P14775 [ICPC 2024 Seoul R] String Rank

Let $ w $ and $ u $ be strings consisting of the English lowercase alphabet. We say that a string $ u $ is a subsequence of a string $ w $ if there exists a strictly increasing sequence of integers $ i_1, \dots, i_k $, where $ |w| = n $, $ |u| = k $ and $ u[j] = w[i_j] $ for all $ j = 1, \dots, k $. Here, $ v[i] $ denotes the $ i $-th character of the string $ v $. Let $ w[i:] $ denote the suffix $ w[i] \cdots w[n] $. If $ i > n $, then $ w[i:] $ is the empty string denoted by $ \lambda $. Given a nonempty string $ w $ and a positive integer $ k $, we define the $ k $-set of $ w $ to be the set $ Q_k(w) $ of subsequences of $ w $ whose lengths are $ 0, 1, \dots, k $. This implies that, for any string $ w $, the empty string $ \lambda $ belongs to $ Q_k(w) $ by definition.
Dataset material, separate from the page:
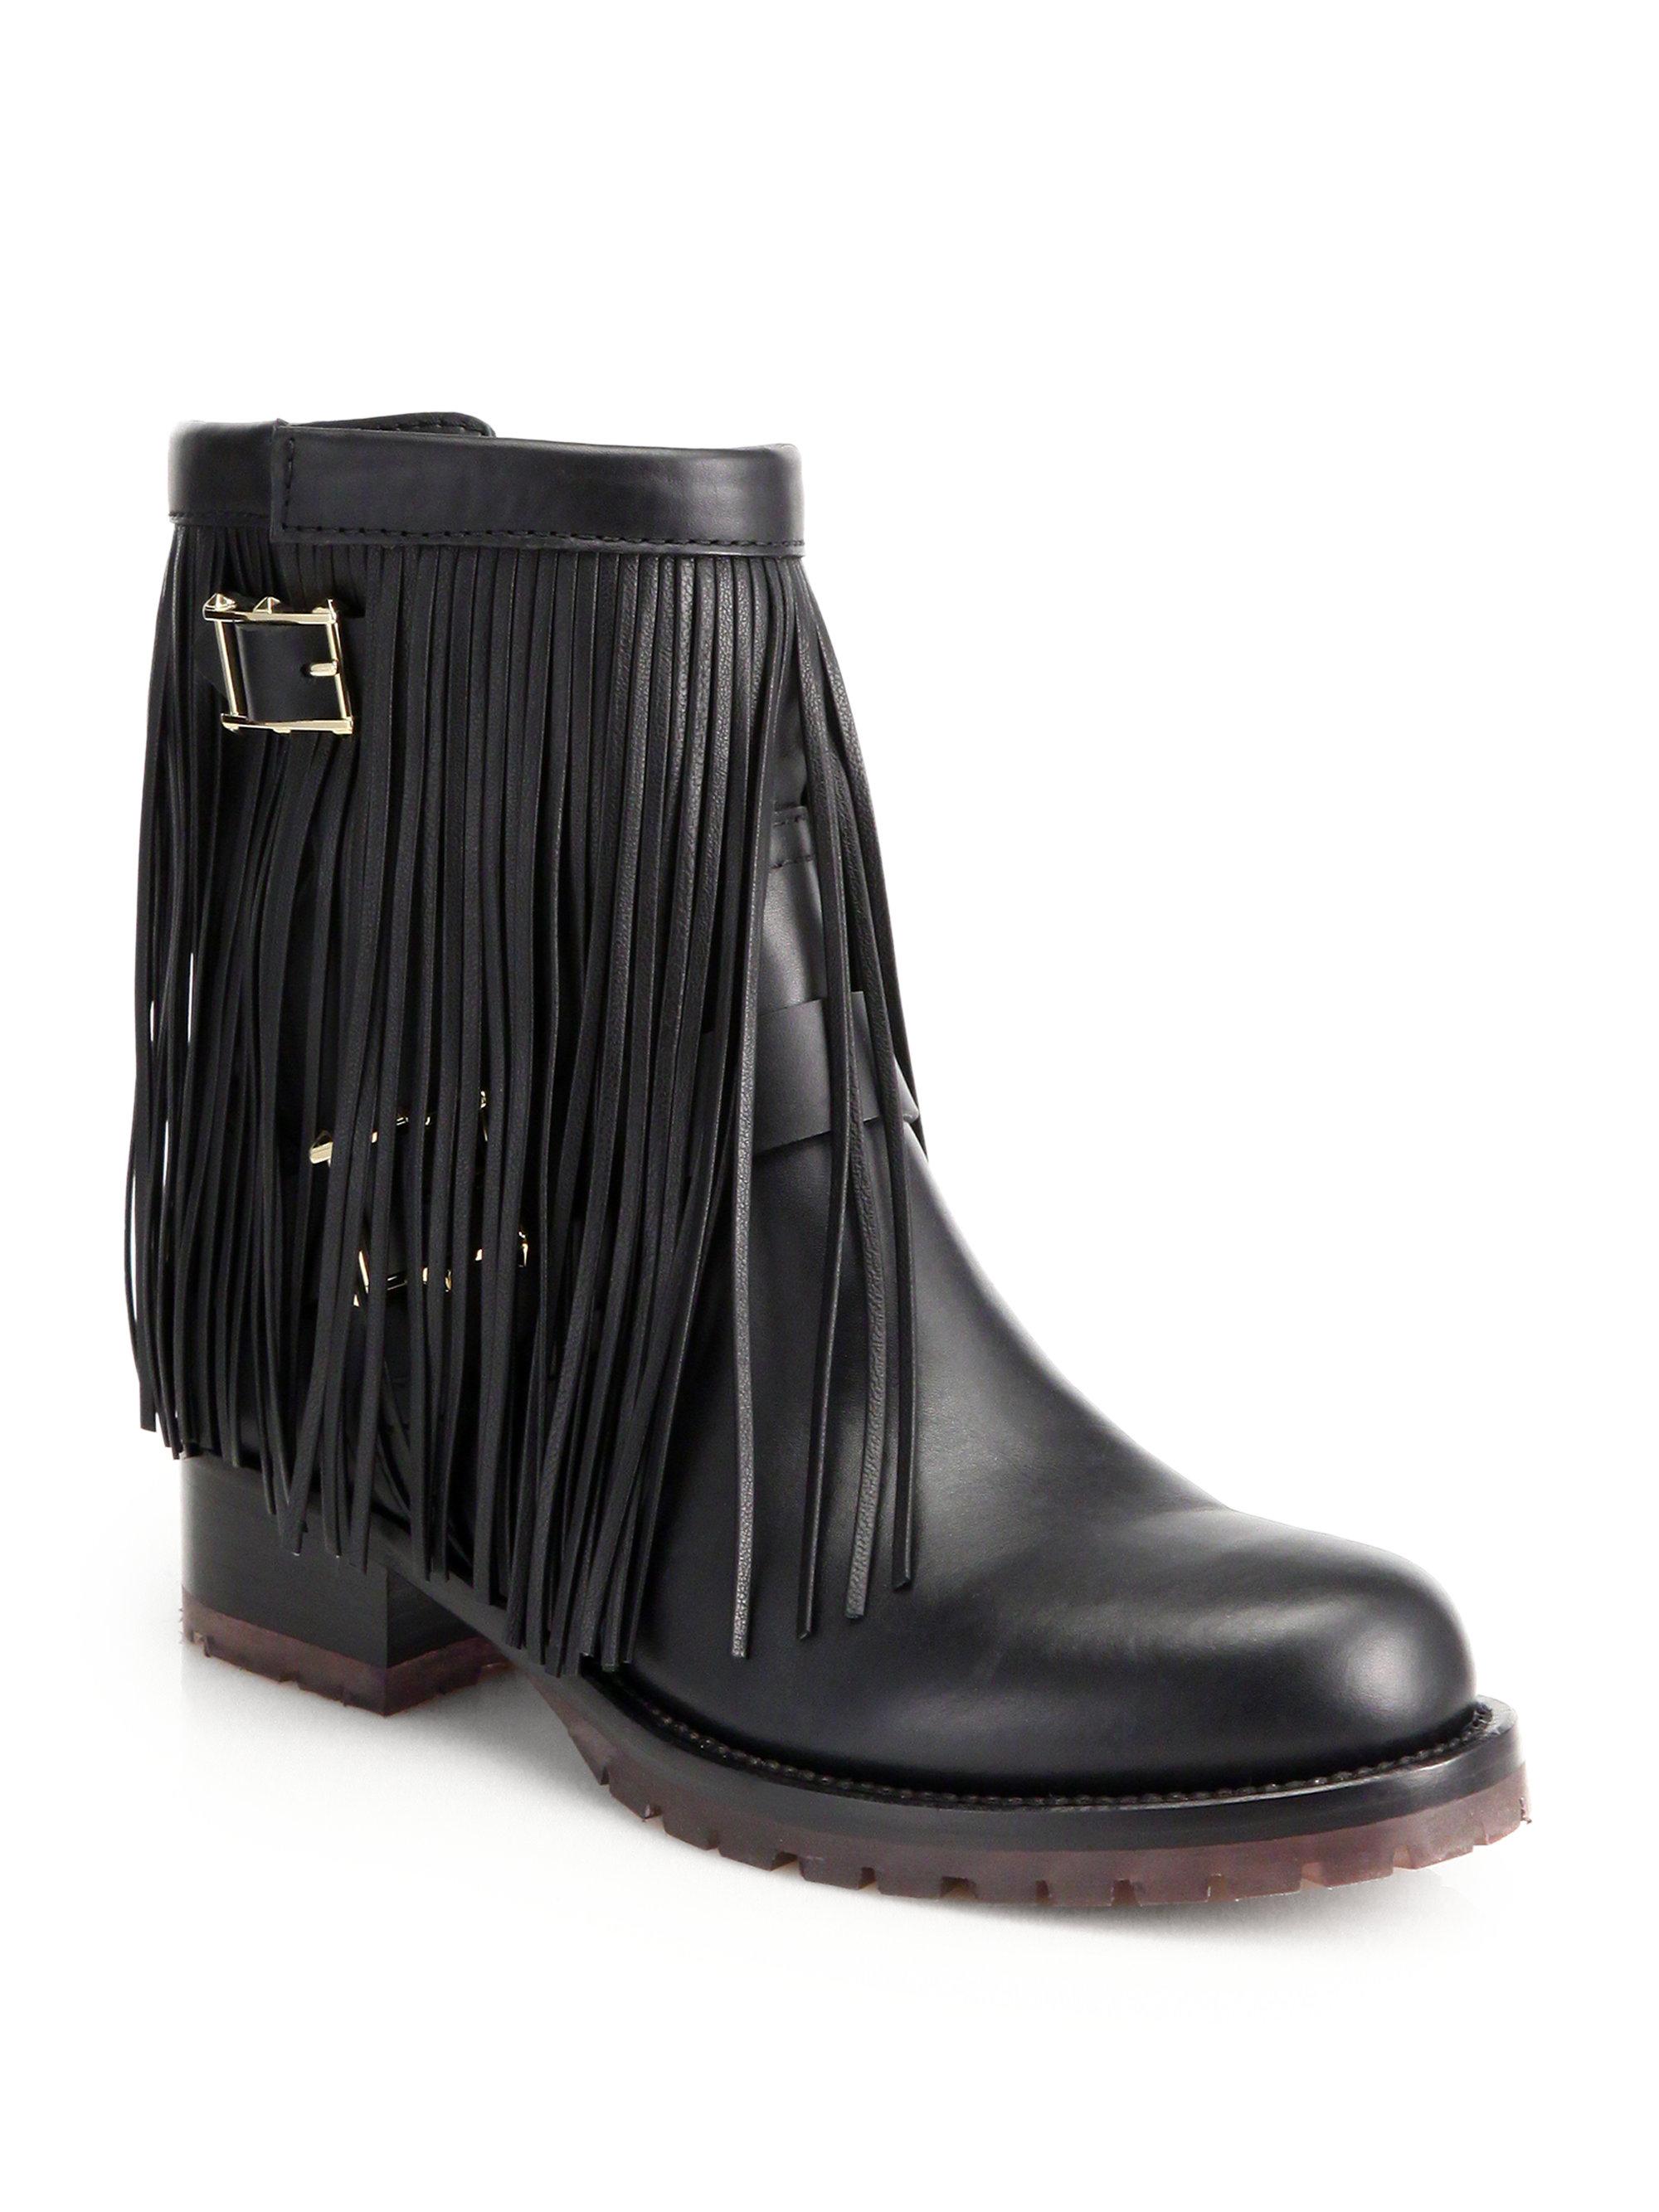 Valentino Moto Fringe Leather Biker Ankle Boots in Black | Lyst

For example, when $ w = \text{aaba} $, we have $ Q_3(\text{aaba}) = \{\lambda, \text{a}, \text{b}, \text{ba}, \text{ab}, \text{aa}, \text{aba}, \text{aab}, \text{aaa}\} $. For a string $ w $, we define the rank of $ w $ to be the minimum integer $ t $ such that the $ t $-sets for all suffixes of $ w $ are all different. In other words, the rank of $ w $ is $ \min\{t \geq 1 \mid Q_t(w[i:]) \neq Q_t(w[j:]), \forall 1 \leq i < j \leq n\} $. For instance, when $ w = \text{aaba} $, the 2-sets $ Q_2(\text{aba}) $ and $ Q_2(\text{aaba}) $ are equal. On the other hand, for $ t = 3 $, we have $$ \begin{aligned} Q_3(\lambda) &= \{\lambda\}, \\ Q_3(\text{a}) &= \{\lambda, \text{a}\}, \\ Q_3(\text{ba}) &= \{\lambda, \text{a}, \text{b}, \text{ba}\}, \\ Q_3(\text{aba}) &= \{\lambda, \text{a}, \text{b}, \text{ba}, \text{ab}, \text{aa}, \text{aba}\}, \\ Q_3(\text{aaba}) &= \{\lambda, \text{a}, \text{b}, \text{ba}, \text{ab}, \text{aa}, \text{aba}, \text{aab}, \text{aaa}\}. \end{aligned} $$ Therefore, the rank of the string $ w = \text{aaba} $ is 3. Given a string $ w $, write a program to output its rank.

Your program is to read from standard input. The input consists of a single nonempty string $ w $, which consists only of lowercase characters from the English alphabet. The length of the string is at most $ 3 \times 10^6 $.

Your program is to write to standard output. Print exactly one line. The line should contain a positive integer to represent the rank $ t $ of the input string $ w $.